Todos excedentes. Todos muertos.
Simon Leys —que fue el más sabio de los analistas del comunismo asiático— cifraba en la enormidad del absurdo acometido, su estupor ante aquel genocidio —él lo llama «autogenocidio»— que, entre 1975 y 1979, exterminó a casi un cuarto de la población camboyana. Un exterminio, cuyas ejecuciones no pasaban por las demasiado modernas cámaras de gas de la vieja Centroeuropa, sino por el más humilde e íntimo garrotazo en la nuca. «Los horrores del siglo XX confirman las intuiciones de Kafka.

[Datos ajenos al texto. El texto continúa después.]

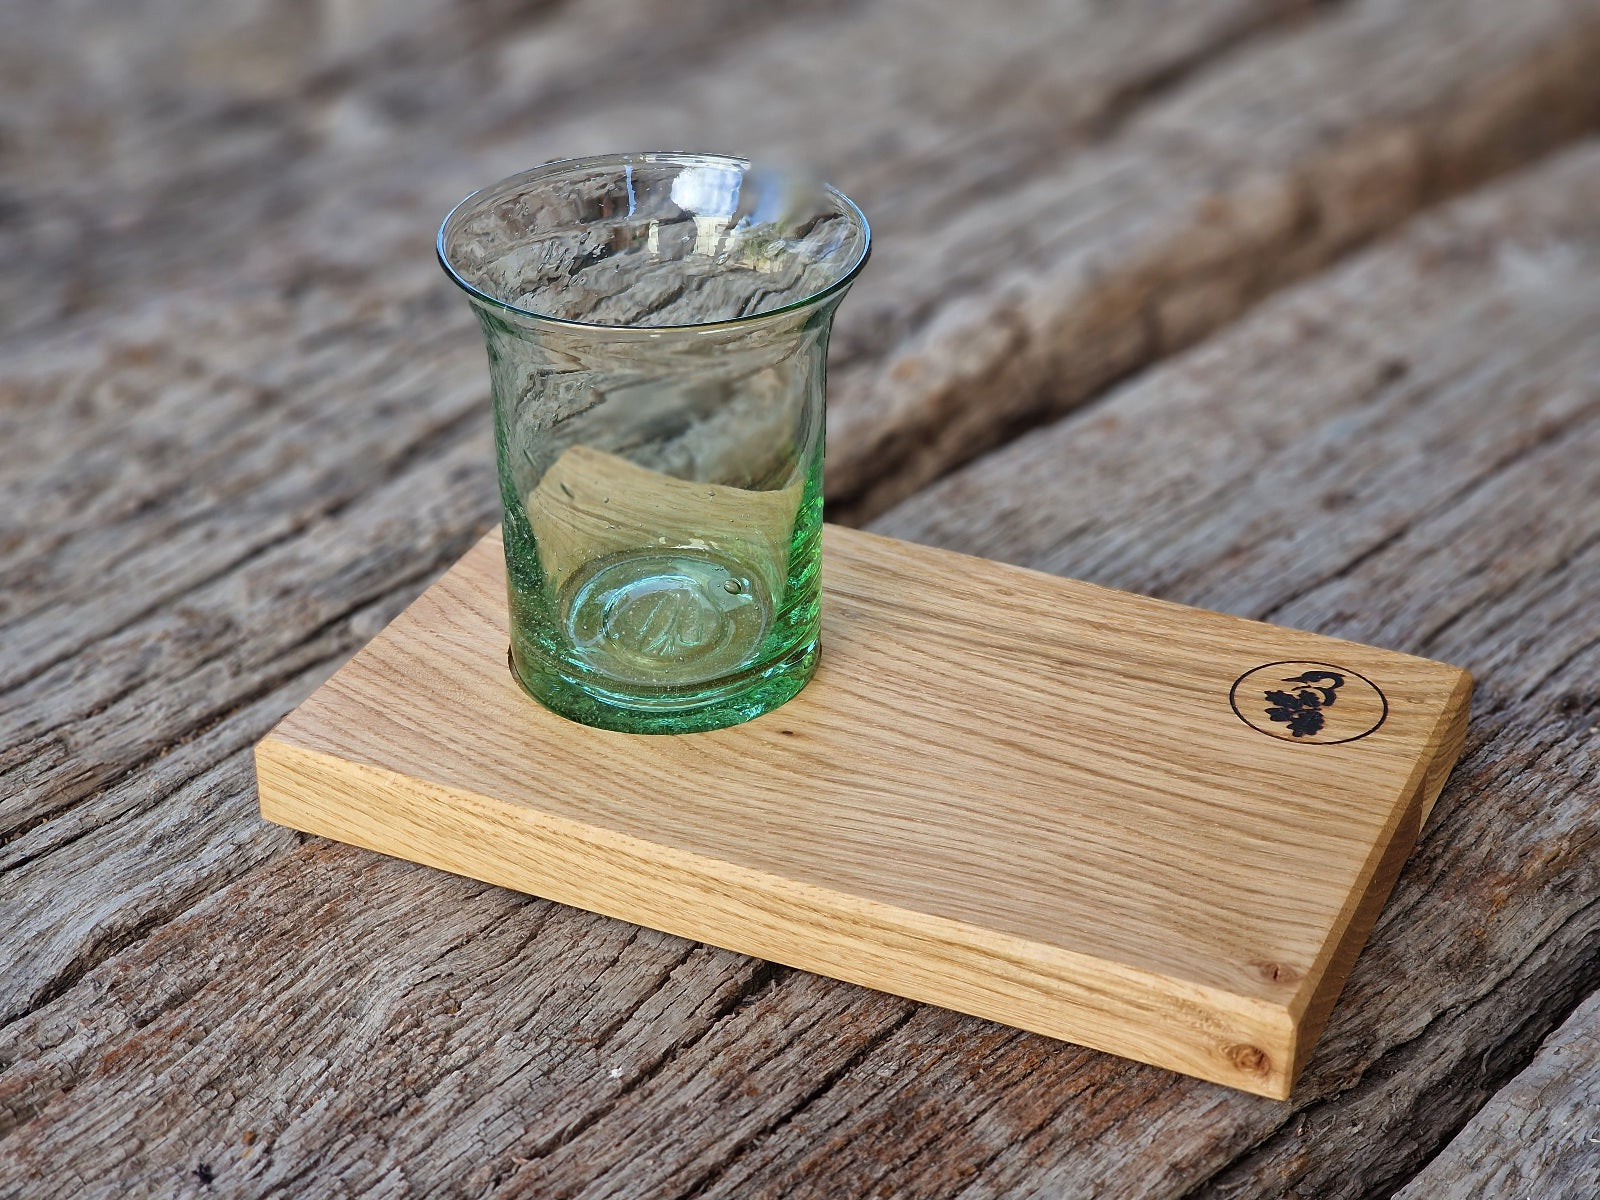 Grünes Wasserglas aus Thüringen, mundgeblasen mit Gispen, auf einem Holz Tablett aus Eiche.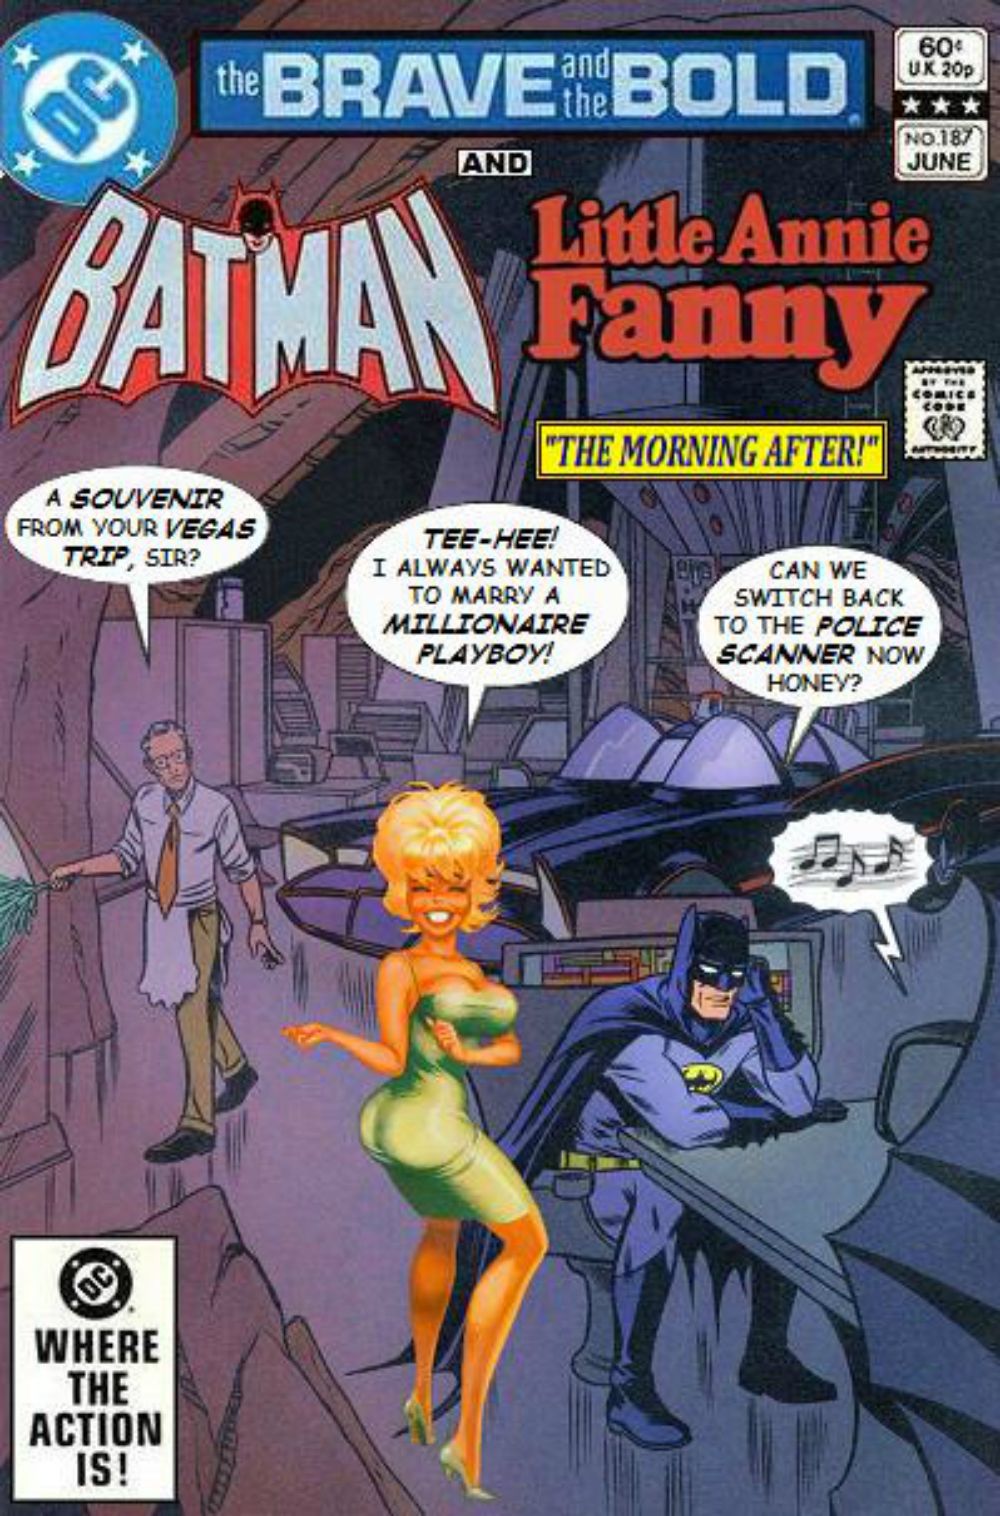 super-team-family-batman-little-annie-fanny

Y, sobrevenido a finales del siglo, el genocidio camboyano constituyó, de algún modo, su epílogo más extremo y más grotesco: no era sólo una monstruosidad (de eso, pensábamos haber agotado ya el registro); era también la caricatura loca de una monstruosidad».
Y, a un «hombre nuevo», había que amoldar un nuevo mundo a estrenar a su medida. Sería un universo de pureza sin pasado, exento de las remoras y arcaísmos de aquella humanidad imperfecta que dejaba atrás. Y, sobre todo, exento de cualquier memoria, de cualquier remordimiento o añoranza. Las escuelas, lugar de aprendizaje muerto y corrupción anímica, fueron clausuradas. La moneda, templo y acicate de codicia y podredumbre capitalista, fue abolida. Y a la destrucción de las gafas siguió la destrucción de máquinas y modernos artilugios, industriales o domésticos, juzgados enemigos del sano buen hacer campesino. Hombre y naturaleza debían perseverar solos, sin mediación de artificios que corrompiesen el retorno a un alucinado paraíso original y perdido. Y a esa supresión del tiempo, y a esa depuración de sus humanos residuales, se la llamó «comunismo ahora». Y hasta hubo grandes intelectuales europeos —cuyos nombres, por piedad, eludo— que se empeñaron en ver aquello como la más grandiosa culminación de los tiempos: Paraíso.
De los 15.000 hombres que pasaron entre 1975 y 1979 por el campo de tortura S-21 en Thuol Seng, sobrevivieron catorce. Treinta años después, ante el tribunal internacional que lo juzga por crímenes de guerra, Kang Kek Ieu, alias Douch, comandante del centro, daría una descripción precisa del protocolo aplicado: «La política a seguir era que nadie podía salir vivo de S-21. Bajo las órdenes directas del acusado y a veces con sus propias manos, las personas detenidas en S-21 fueron sometidas de modo intencional a sufrimientos físicos y mentales intensos con la finalidad de extraerles confesiones e infligirles castigo… Las víctimas eran golpeadas con bastones de ratán y látigos, electrocutadas o asfixiadas con sacos de plástico atados en torno a sus cabezas, desnudadas para someter sus genitales a descargas eléctricas… El acusado ha admitido que los golpes de bastón eran los más utilizados porque las otras formas de tortura llevaban demasiado tiempo». Al final, eso sí, Douch tendrá la cortesía de excusarse. Con lo que él juzga un óptimo argumento: «Estoy profundamente desolado por los asesinatos, por el pasado. Yo tan sólo quería ser un buen comunista».
Era un 15 de abril cuando empezó todo en Camboya. Muy pocos fueron castigados por los crímenes de entonces. Mañana hará medio siglo.